Mit Blick auf jüngste Wahlsiege von Populisten und EU-Gegnern in mehreren Mitgliedsländern malte Macron ein düsteres Bild von der Lage in der EU. Es gebe "Spaltung und manchmal Zweifel innerhalb Europas", sagte er. Grundüberzeugungen zu Europa würden heute in Frage gestellt. "Das ist ein Kontext, in dem eine Art europäischer Bürgerkrieg wiederauftaucht und unsere Unterschiede und manchmal unsere nationalen Egoismen wichtiger erscheinen als das, was uns eint."
Frankreichs Staatschef forderte ein klares Bekenntnis zur Demokratie. Die Abkehr von diesem Grundsatz sei "der schwerste Fehler", den Europa begehen könne, sagte er offenbar mit Blick auf Konflikte der EU mit Ländern wie Polen oder Ungarn zur Einhaltung demokratischer Grundsätze und der Rechtsstaatlichkeit.
"Die Antwort ist nicht die autoritäre Demokratie, sondern die Autorität der Demokratie", betonte der 40-jährige Staatschef, dem die Abgeordneten zum Abschluss der dreistündigen Debatte lauten Applaus spendeten.
Macron musste sich allerdings auch kritische Stimmen anhören. Mehrere Abgeordnete warfen ihm vor, trotz seiner Bekenntnisse zu demokratischen Prinzipien die Forderung des EU-Parlaments abzulehnen, wonach die Spitzenkandidaten der europäischen Parteien zugleich Anwärter für das Amt des EU-Kommissionspräsidenten sein sollen.

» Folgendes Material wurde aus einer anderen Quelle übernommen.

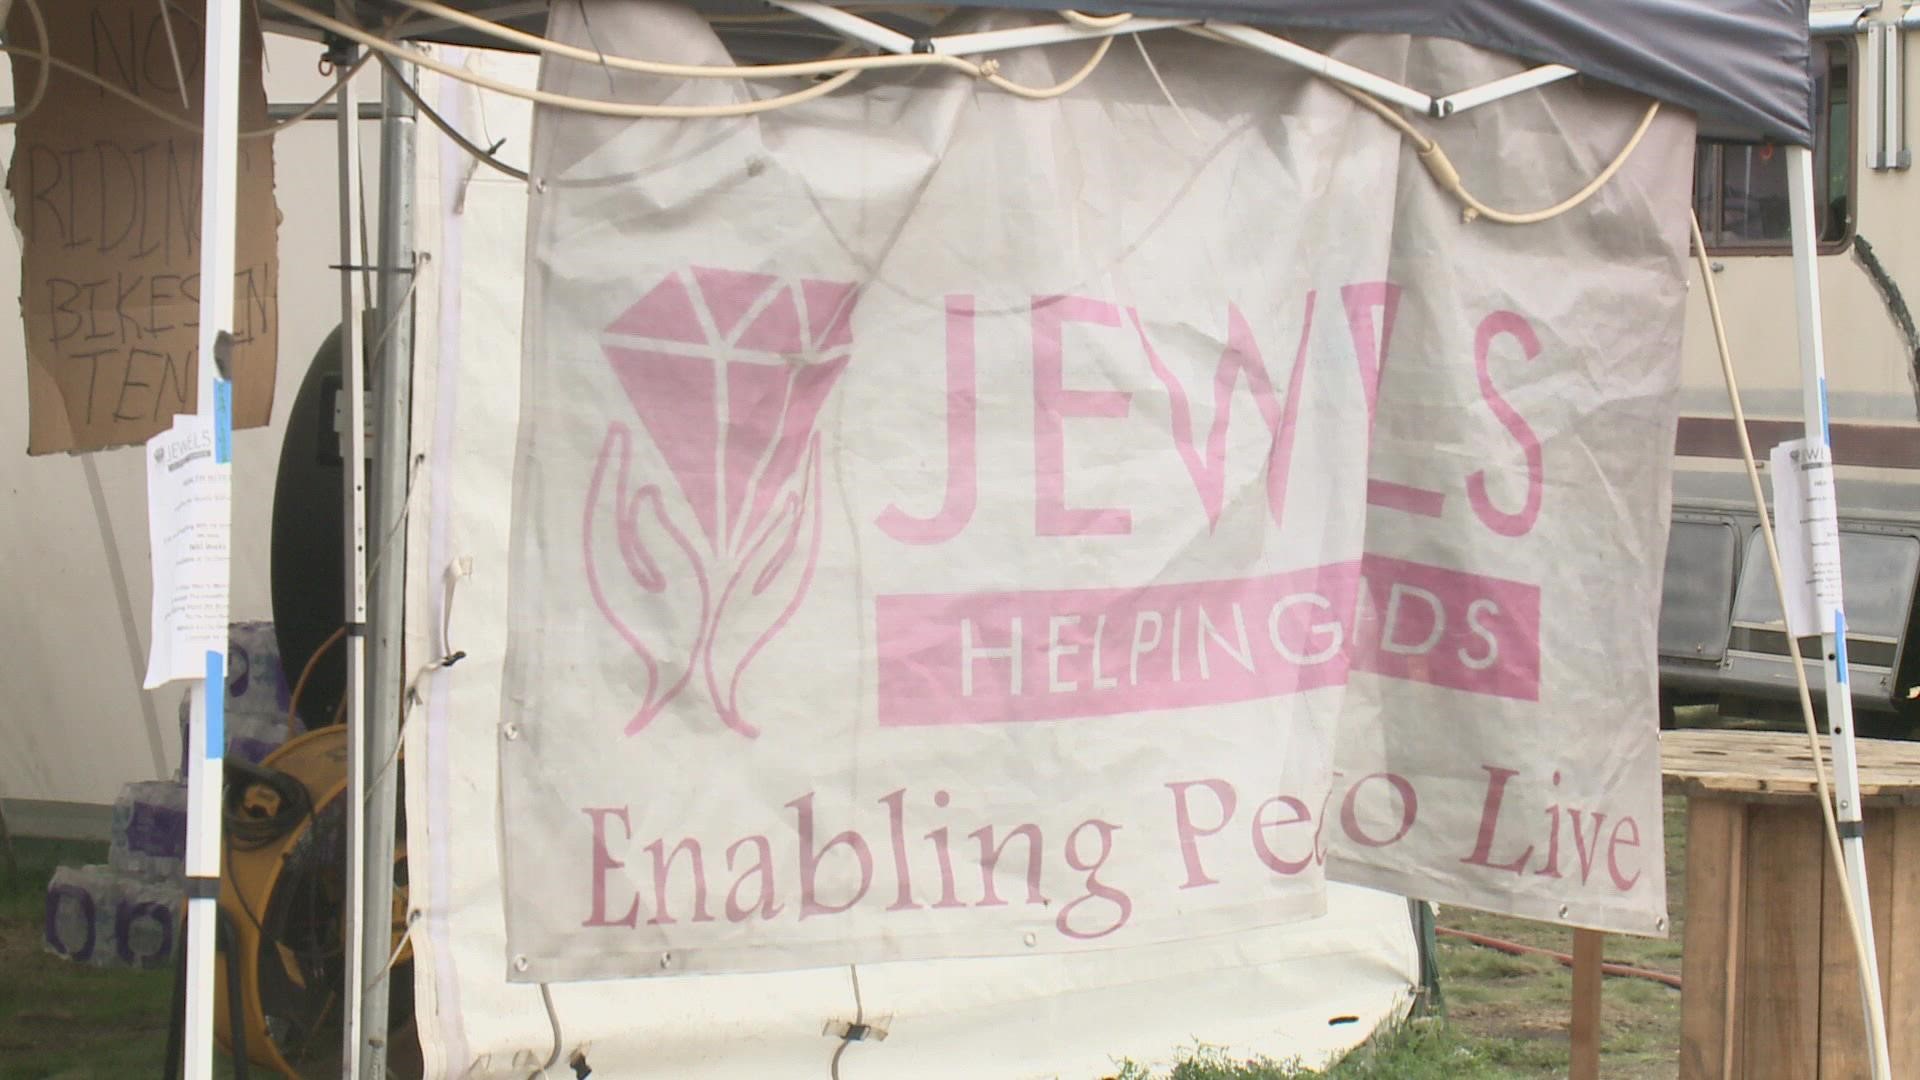 As the City looks toward clearing out the homeless encampment near I-90 and Freya, non-profits are hiring staff to ease the transition.

In einer echten Demokratie müssten die Wähler über die Exekutive entscheiden können, sagte der Fraktionsvorsitzende der christdemokratischen Europäischen Volkspartei, Manfred Weber (CSU). Dass Macron sich weiter gegen das Prinzip der Spitzenkandidaten sträube, sei "enttäuschend", sagte auch der deutsche Grüne Sven Giegold.
Macron werde seinen eigenen Ansprüchen nicht gerecht, kritisierte der Chef der SPD-Delegation im Parlament, Jens Geier. Einerseits plädiere er für eine EU, die ihre Bürger schütze. Gleichzeitig blockiere Frankreich im Rat der EU-Staaten aber ein Vorhaben, das Frauen und Männern einen besseren Ausgleich zwischen Beruf und Familienleben gewähren soll.